There are lawyers who have helped their brothers set up a small agency, a lot of retired marketing people set up agencies; so like you pointed out, though they couldn’t give me an exact figure, they think there’s quite a number out there.
Now the reformation of the industry has started, because I’m aware that APCON has set up a reform committee, and they have drawn membership from virtually every sector; in fact, I think their first report is ready. It’s been considered and I think they are now being codified.
And I do reckon that before the next few months, they will come out with a bang, because it is high time we told the media, ‘if you accept an advertisement from a non-registered practitioner or agency, there is a sanction’; time to say to client B, ‘you go straight to media, you can’t do that anymore’; time to say to debtor clients, ‘you’re going to sign an agreement’.
Any agency works for you and there is proof that they performed, if you say it’s going to be 30 days, let it be 30 days. As a matter of fact, some businesses should be prepaid because your agency prepays.
Meanwhile, none of them allows their distributors take their goods without paying in advance. So I believe that if the reforms go on the way they’re going, there would be more sanity in the industry in the next few months.
You serve presently as a director on the board of Zenith Bank - which is a cheering development in the industry; how have you managed this feat?
Chairmanship of Zenith, for me, shows recognition of our industry, and by the way, we now have a senator of the Federal Republic of Nigeria, another advertising practitioner, I think it is showing more recognition.
We thank God for that, because a time there was when people thought advertisers were just some a hungry set of guys who couldn’t do anything else. For some of us, they probably thought they got there by accident, that they didn’t know what else to do with themselves.
But right now after practising the profession for so long, suddenly I’m found fit to be chairman of a big bank like Zenith, so I give kudos to the industry; I give kudos to the practice we’ve had all along; I also say well, the good name that one built, the integrity that one built over the years, because the State Security Service (SSS) had to screen to know the kind of person you are; they want to find out how much you are owing with banks all over the place. So with that I think the name, the integrity, the professional standing certainly came into play.
And it’s been another kind f experience. I’m now talking in banking terms, terminologies, having sessions with the CBN, and looking at how the practice goes, how credits are given, because non-executive directors carry a lot of responsibilities now unlike before, because if anything goes wrong, whether you’re there or not, you’ll be called to explain.
It’s been a very exciting experience for me. I’ve also learnt much about what goes on in the finance world and I would, for as long as I’m going to be there, think of accountability, transparency, do it exactly as the law demands.

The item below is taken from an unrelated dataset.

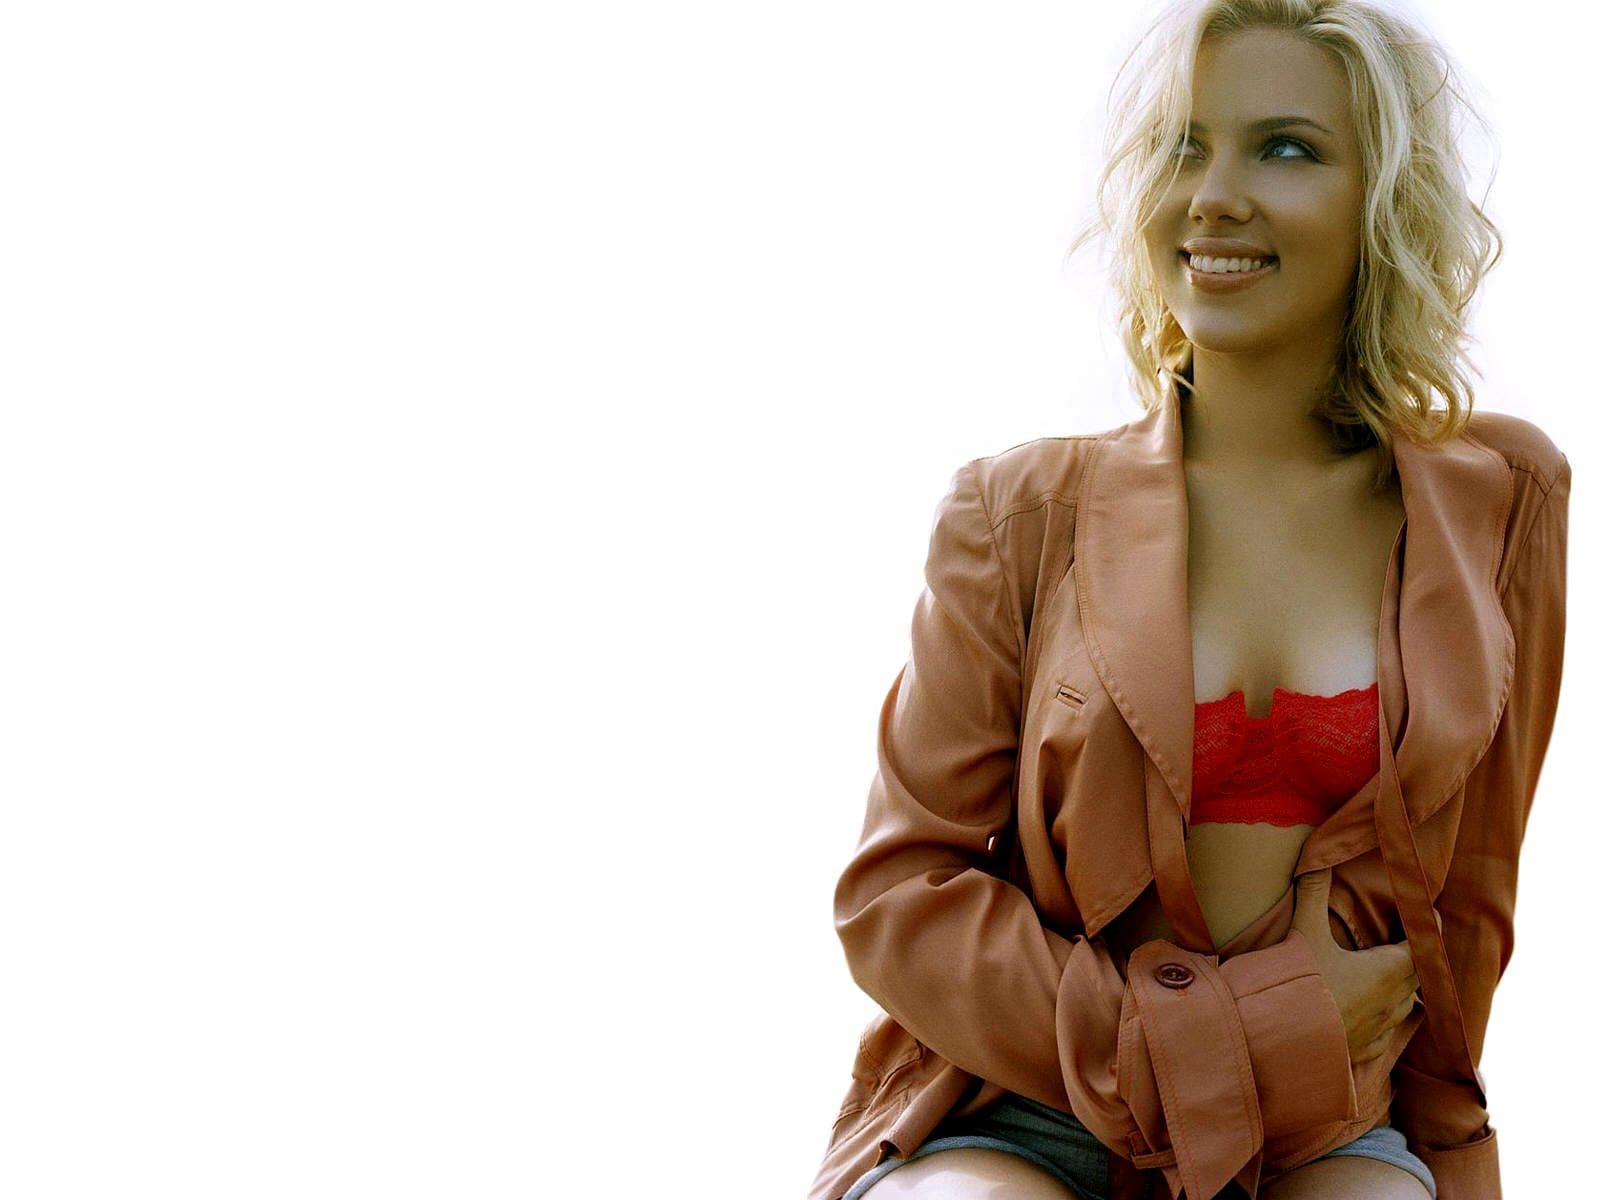 Scarlett Johansson HQ wallpapers

So it’s been good.
Lastly, a word for those who are not doing it right in adertising.?
For those who are refusing to do it right, starting from government to private sector to media, to agency, not doing it right means killing the industry. It may not be today, but it’s already beginning to happen because agencies are closing down.

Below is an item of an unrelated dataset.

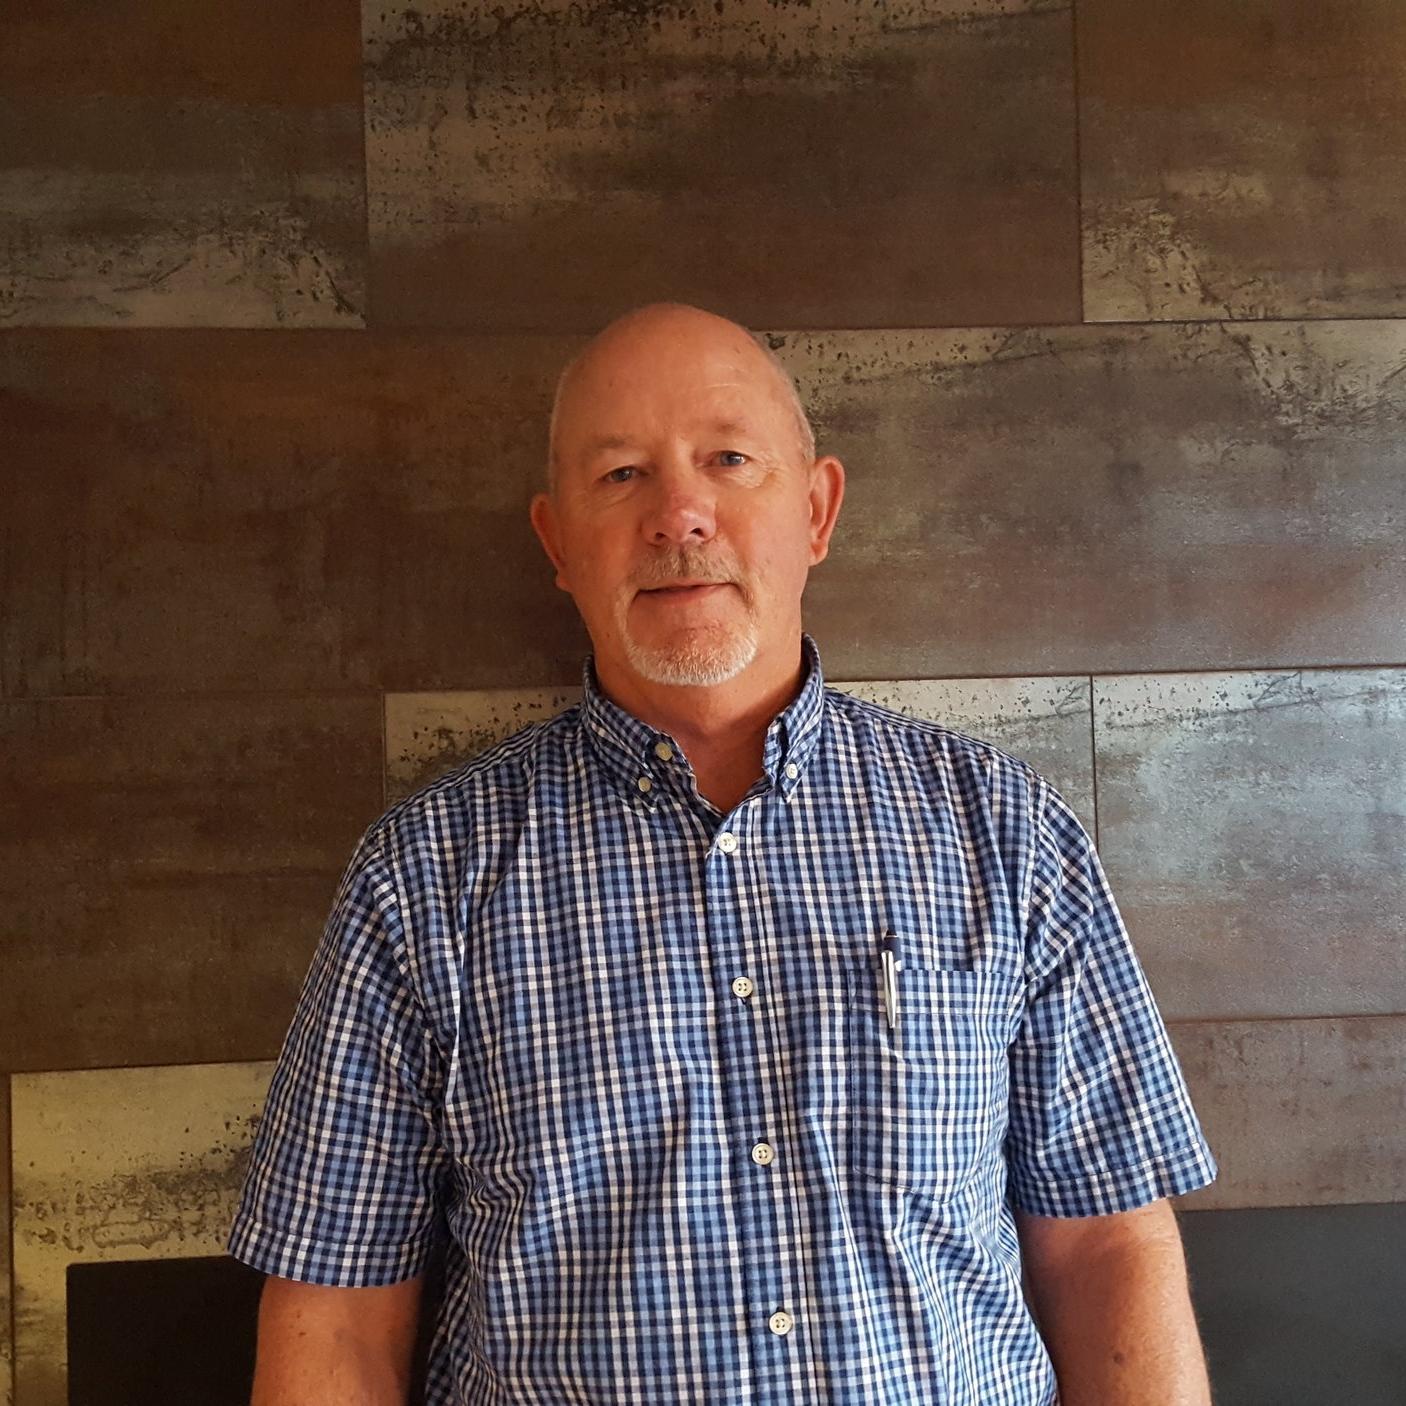 Steve Carroll, Vice President / Superintendent

For those that are not closing down, they are only barely surviving, and that is because we have allowed a lot of things to go wrong: relationship with clients, relationship with government, with media, and within the industry.
By not doing it right, we are not looking into the future; we are only looking at what we can get from it now. For any industry or nation to grow, we must learn to put the right message into the right media, and pay what we need to pay.